October 25, 2023
In the digital world,
collaboration is a critical success factor even if it’s with your competitors
When is it to your advantage to collaborate instead of compete?
Business leaders are taught from a very early age that winning is about beating their competition and being able to sustain that competitive advantage. Strategic planning models are filled with take-no-prisoners hyperbole and a what-it-takes-to-win vocabulary.
As such, I was very interested to read recently that Amazon has committed more than $1 billion to license Microsoft 365 cloud productivity software for 1 million of its corporate and frontline workers from their biggest cloud competitor. Amazon had previously been reluctant to use cloud-based technologies from Microsoft given the rivalry between Azure and AWS.
My takeaway from this unusual decision is that the senior leadership team at Amazon saw it as the best alternative to enhancing their cloud operating model and sustaining their industry leading position in the cloud software market.
Making the business case for collaboration
The speed and magnitude of digital technology disrupting well-established operating models and business planning processes dictates the need to reset how companies think about the boundaries of competition.
- Twenty years ago, business collaborations counted for less that 3% of a company’s total revenue. Today that number averages 28%.
- For every $1 of Microsoft revenue, the partner ecosystem generates over $9.
- Revenue from business collaborations generates 19% higher margins.
A major research study conducted in 2018 by Accenture Strategy surveyed 1,252 C-level global executives to understand how their companies are creating competitive advantage by building business collaborations.
The survey results documented that aligning business partner interests along mutually agreed upon outcomes exponentially increased their combined value proposition and distributed market risk equally across the partners. The results also forecast that when enabled by digital platforms, collaborations could unlock $100 trillion in value for business and society over the next 10 years.
Overcoming the barriers to successful collaborations
While there is compelling evidence of the exponential value that collaborations can generate for companies, more than two thirds of business collaborations underperform or fail. One major barrier to successful collaborations is the silo-based organizational structure/mindset that still exists in most companies.
Other barriers include:
- Lack of agreed upon accountability for mutually beneficial outcomes
- Lack of trusted market/customer data
- Lack of transparency and delays in operational performance reporting
- Difficulty and inability to properly quantify results
- Communication gaps within and across companies
Using the 4 Zones Model as a strategic framework for constructing business collaborations
- Constructing and orchestrating well-designed, multi-faceted, business collaborations necessitates companies acquiring the critical skills, tools, and resources required to make them successful. The 4 Zones Model provides a framework to help you identify and assemble a portfolio of partner collaborations designed to deliver market leading customer experiences as shown on the slide below:
Successful business collaborations share common principles and critical success factors including:
- A shared vision for a mutually beneficial business outcome
- Clear accountability and decision-making responsibility
- Total go-to-market alignment across the entire collaboration portfolio
- Real time collaboration performance metrics and reporting
- Willingness to share proprietary data and information
- Mutual trust to protect against cyber security threats
Besides expanding your product and service offers, business collaborations are also a potential source to onboard new skills and capabilities that your company may lack.

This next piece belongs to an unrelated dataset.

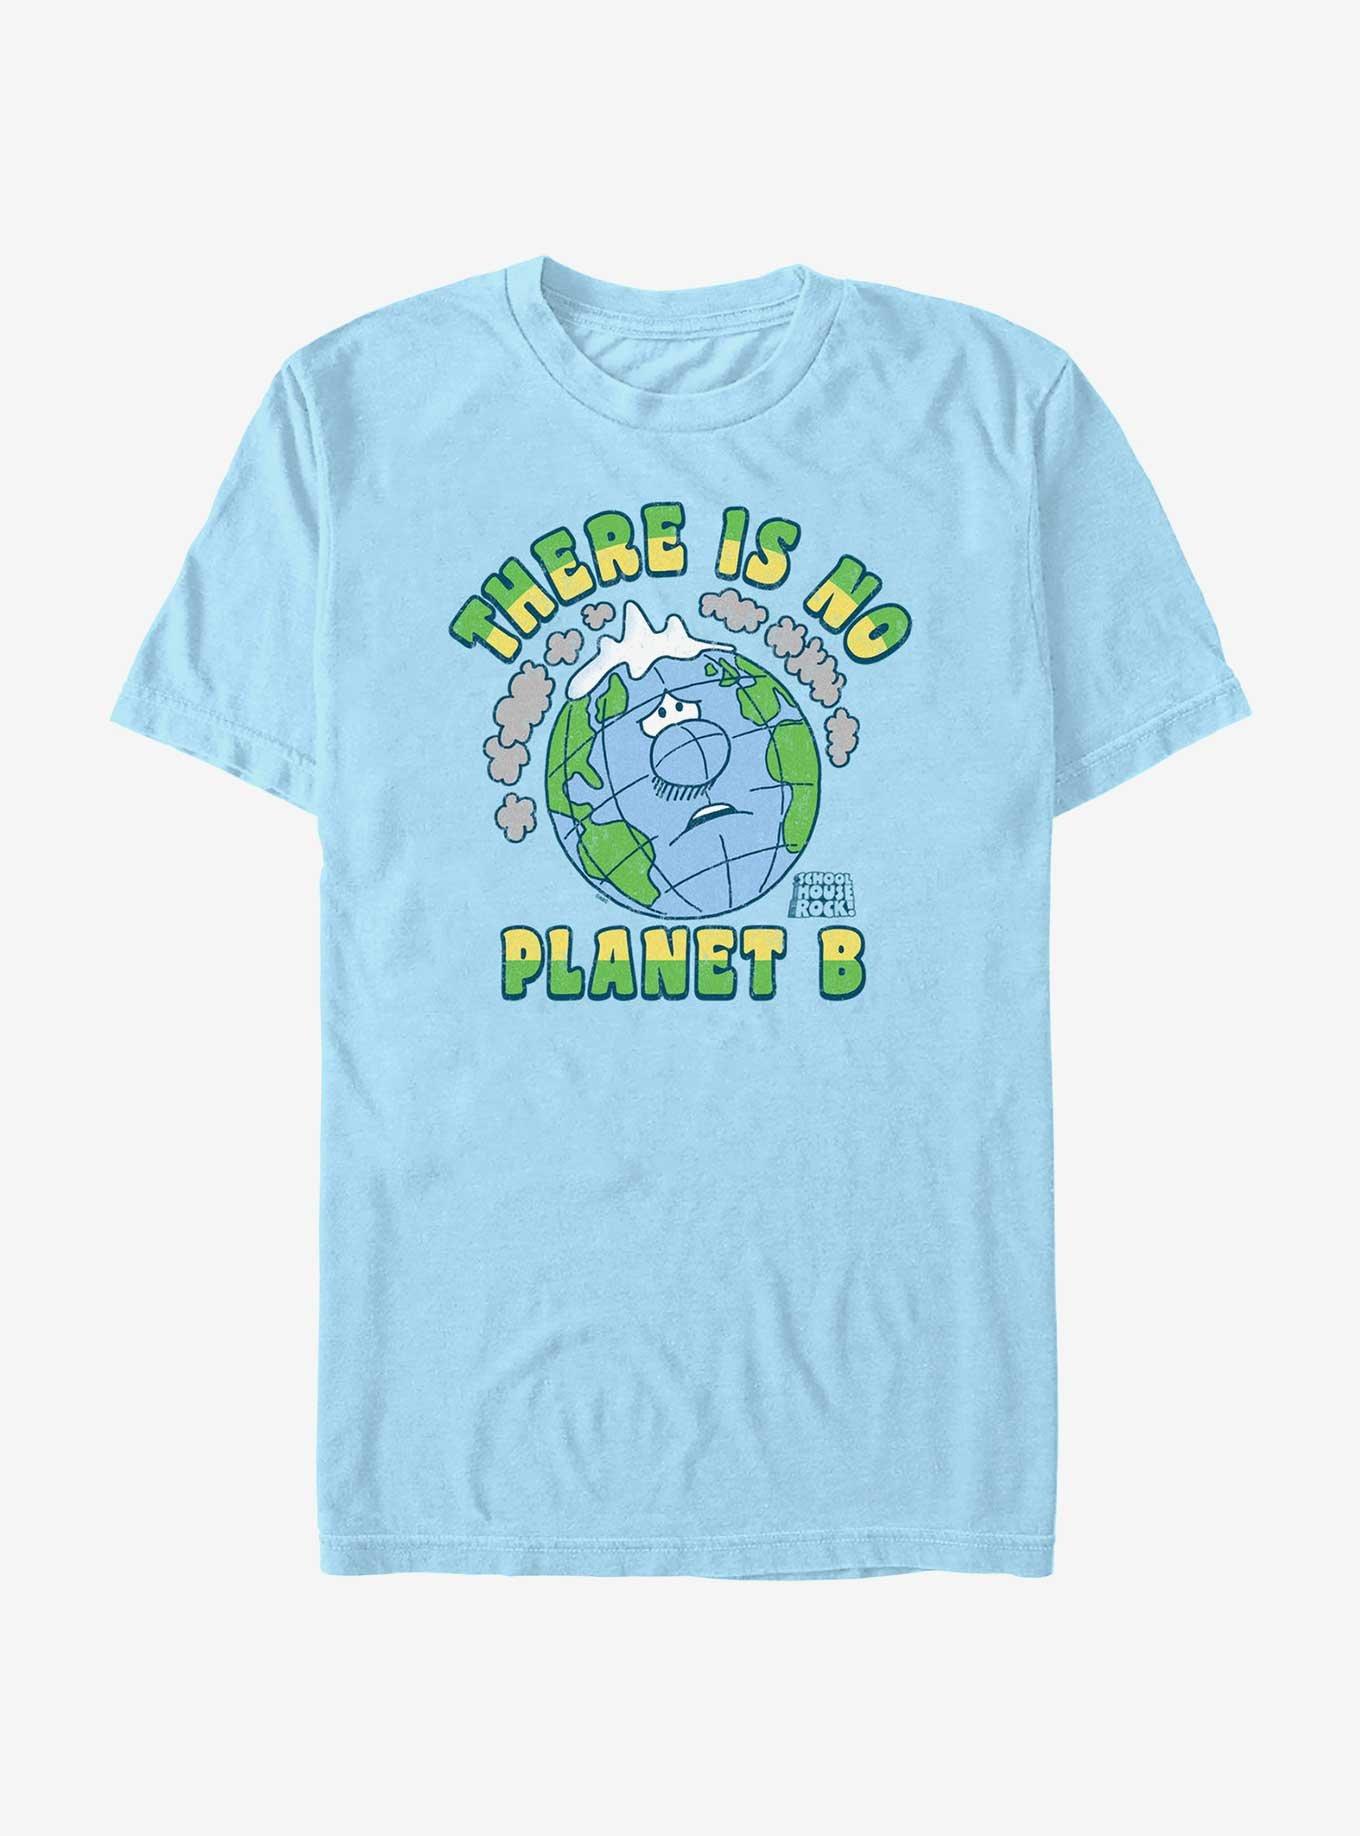 Schoolhouse Rock No Planet B T-Shirt, LT BLUE, hi-res

By example, Apple & Cisco have teamed up with insurer Allianz SE to offer discounts on cyber insurance to businesses that primarily use equipment from both technology companies. The alliance also includes insurance broker Aon Plc, who provides customers with more favorable terms on cyber coverage such as lower deductibles, as well as support services in the event of an attack.
Like a business investment portfolio where risk and return are spread across multiple investment options, the 4 Zones business collaboration portfolio is designed to create and deliver new value in four different categories.
The 4 Zones collaboration value creation portfolio approach provides a framework, vocabulary, and decision-making process that enables senior leadership teams to discuss, segment, and prioritize multiple business collaborations. It also enables them to successfully deploy digital technologies as a primary source of value creation that generate market differentiating results.